Fourteen percent more public projects, which includes infrastructure work, are on hold compared to the same week in 2023, ConstructConnect reports. On the private side, 9% more projects are on hold.

Perhaps most alarmingly, the number of abandoned public projects jumped 70% compared to the same week in 2023.

The company's Project Stress Index closed the week at 131.1. The index tracks the pace at which U.S. commercial construction projects have experienced a bid date delay, have been placed on hold temporarily or have been abandoned altogether. Currently, 100 is equal to the average of the index's weekly values in 2021.

Projects can be delayed by several factors, including materials shipment timelines, labor issues, financing concerns or weather. Many of these factors have converged in recent months, with elevated interest rates meeting shipping logjams and winter storms.

Overall depression in the commercial real estate sector is a major culprit for delayed projects, ConstructConnect Senior Economist Michael Guckes told Construction Dive.

“I want to see loan officer surveys point to a greater willingness to make commercial real estate loans once again, and for commercial and industrial lending and commercial real estate credit delinquency metrics to stop rising since hitting lows in 2022,” Guckes told the publication. “The pressure will come off the construction industry once existing commercial real estate price strength renews.”

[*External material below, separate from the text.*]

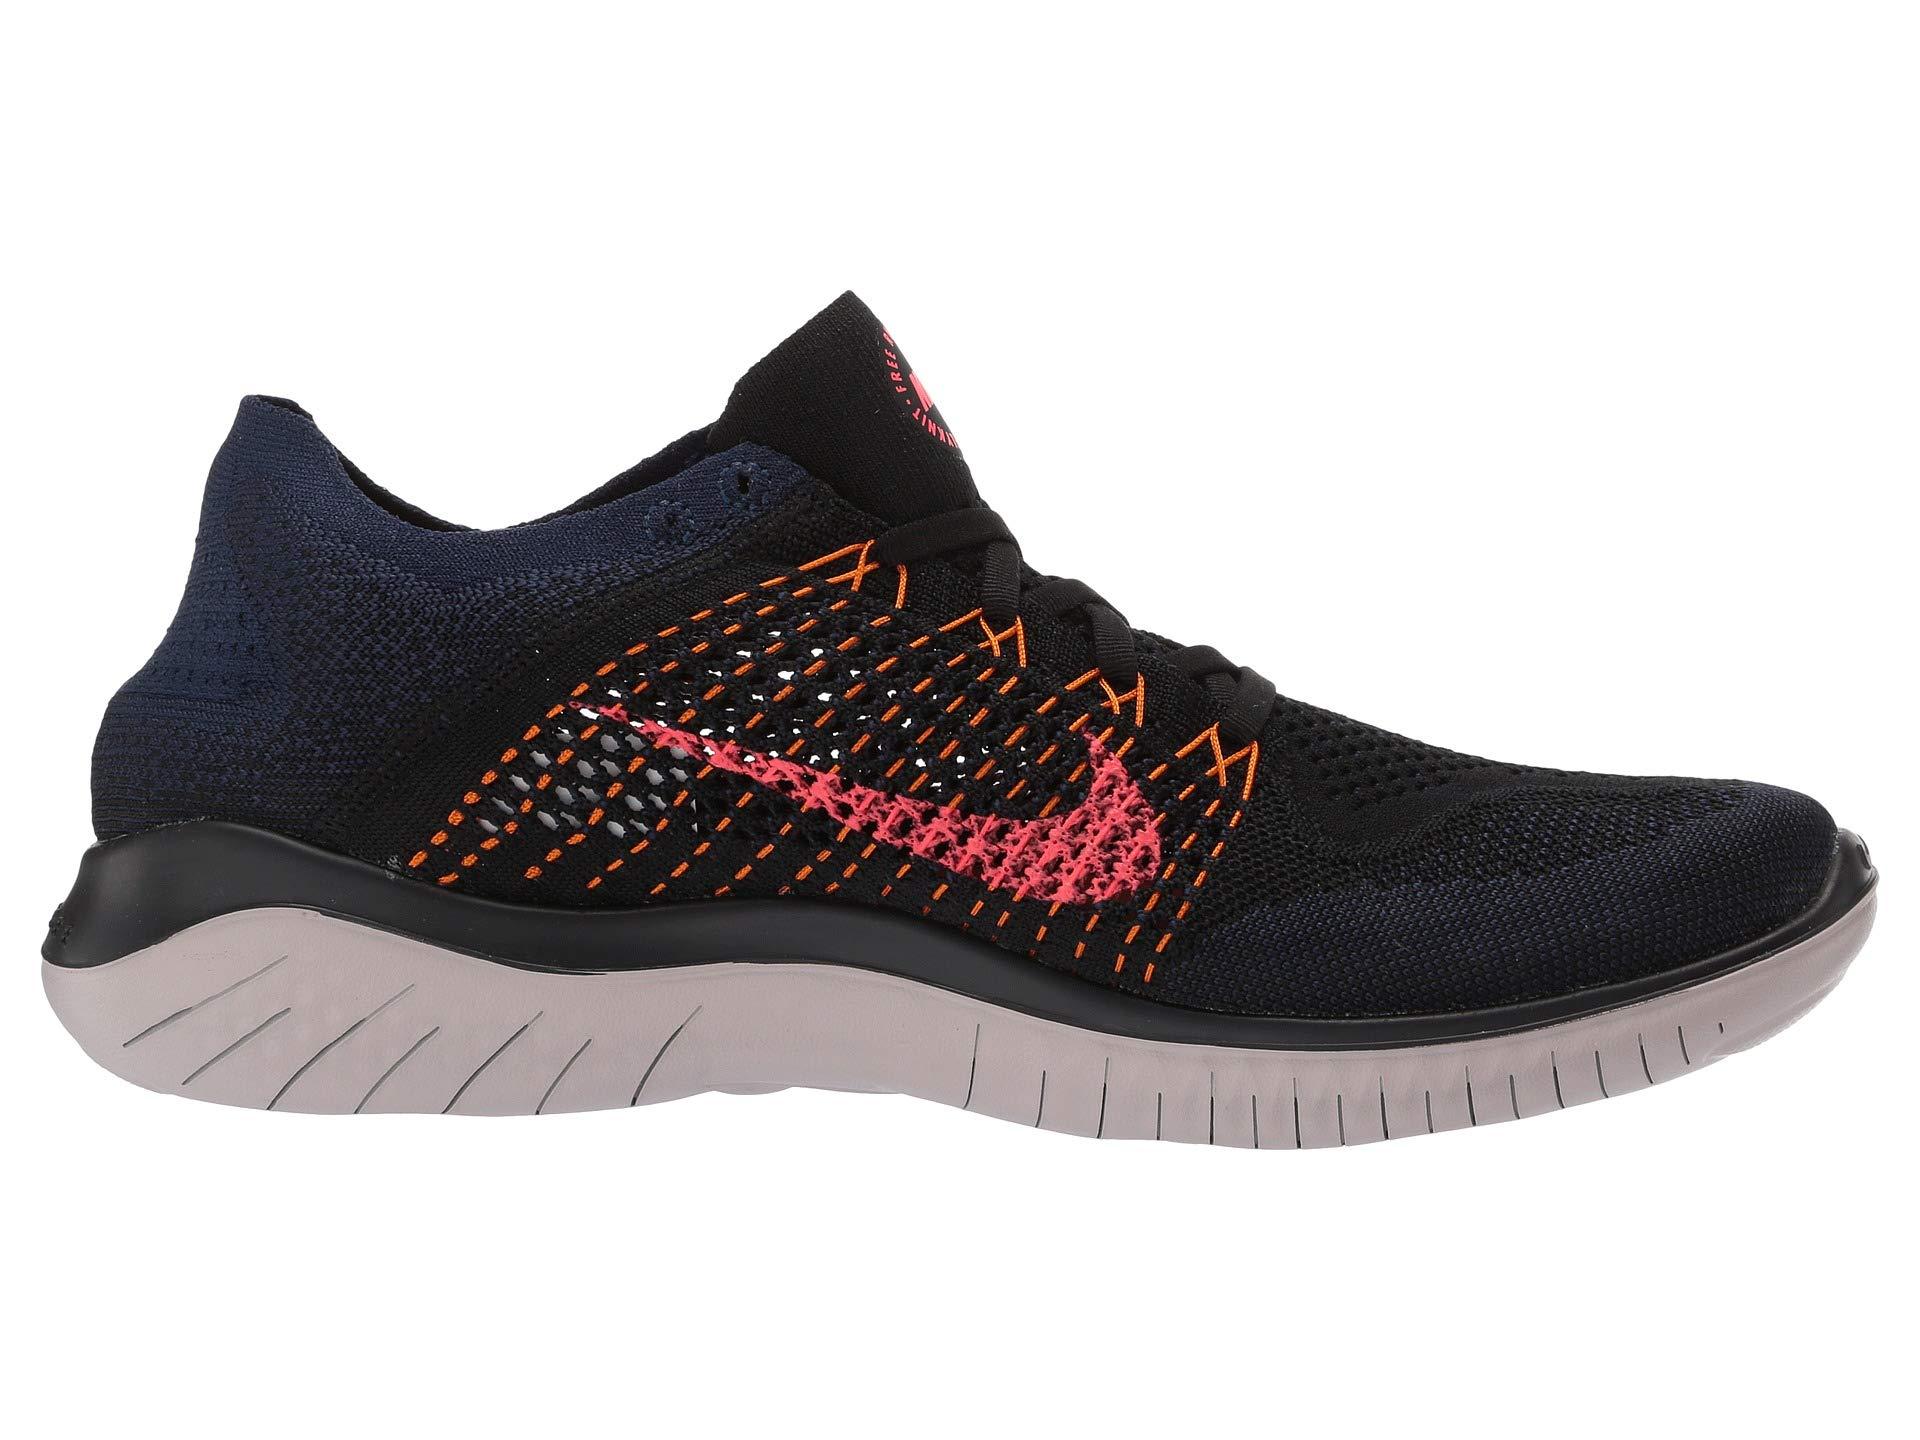 Flyknit Nike Rn flash Peel orange Black Crimson Free rTHTBRwqxE

The week ending March 2 represented the third in a row in which the index moved up modestly. Delayed bid activity for the week was up by 0.2%, while on-hold and abandoned activity increased by 3.4% and 1.7%, respectively, from their week-ago levels.

“At some point the market needs to rebalance and find its steady state,” Guckes told Construction Dive. “When this happens I believe the PSI trend will return to a generally horizontal orientation once again.”

Guckes added, however, that elevated interest rates will mean slow progress in that regard.